Bail is held by a court on the condition that a defendant will fulfill their duty to attend all required court appearances. Below, you will find a brief overview of the difference of bail in Oklahoma and the steps you need to take to secure release from custody.
By posting bail, a defendant can secure their near-immediate release while awaiting a criminal trial.
The Types of Bail in Oklahoma
All bail is not created equal. The level that bail will be set at—and your options for posting it—will depend on many different factors, including the severity of the charges and any prior history of criminal activity or non-compliance by the defendant.
In Oklahoma, common types of bail include:
- Surety Bond: A surety bond is bail posted by a third party. A bail bond company may post the bail amount due with the court for a 10 percent or 15 percent payment. Notably, surety bond will not be refunded to the defendant or their family members, as the bail bondsman keep that amount as their fee.
- Cash Bond: A cash bond is as simple and straightforward as you think. In Oklahoma, a defendant may be allowed to post cash bail with the court. Assuming they attend all court dates, their cash bail will be refunded.
- Property Bond: Oklahoma allows many defendants to use property to post bail. With a property bond, a defendant can usually real property—most of a home—as collateral to post the full bail amount owed to the court.
- Personal Recognizance Bond: For minor crimes (typically non-violent misdemeanor offenses), a defendant may be released on a “personal recognizance” or “own recognizance” bond. Also known as a PR bond, this type of bail only requires the defendant to sign a written agreement promising to return to court.
You may be wondering how much bail will actually cost.

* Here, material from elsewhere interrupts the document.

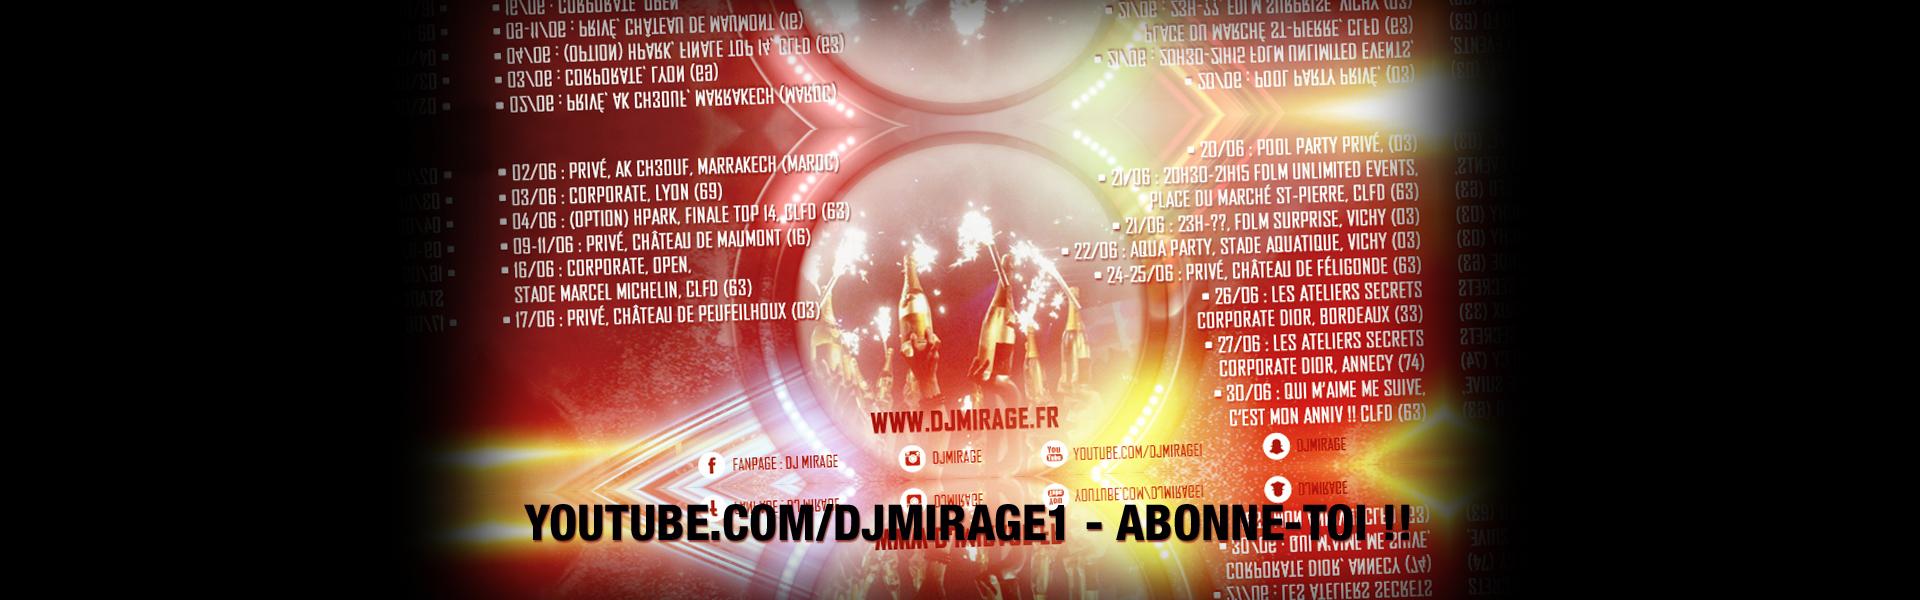 http://djmirage.fr/wp-content/uploads/2016/10/slider-accueil-juin17.jpg

In Oklahoma, the answer to the questions varies dramatically from case to case. As noted above, PR bail allows the court to set the amount of bail at $0. For more serious offenses, a bail may be set somewhere between $1,000 and $25,000. Of course, in some cases, it may be even higher than that or denied altogether.
“One of the greatest difficulties imposed by Oklahoma’s bail system is the disparity in the amount of bonds across the state,” says Jarrod Heath Stevenson, a criminal defense attorney at Stevenson Law Firm in Oklahoma City. “One county may have a bond schedule for a certain offense set at $4,000, but in a smaller rural county the bond for the same offense may be $20,000.”
What You Need to Do to Post Bail in Oklahoma
In Oklahoma, an initial bail hearing is usually held within 48 hours of the time when a defendant was taken into police custody. Though, for some offenses, a predetermined bail amount may be set at the time of the arrest. If a hearing is required, a judge will set a bail amount consistent with state and local procedures, including the severity of the offense. They will also tell you where you can post bail.
However, “most clients have a fundamental misunderstanding that most bonds only last one year,” says Stevenson. “After a year has passed the bondsman can require them to repost the original amount all over again. That makes paying off your attorney and getting the case resolved in one year’s time extremely difficult.”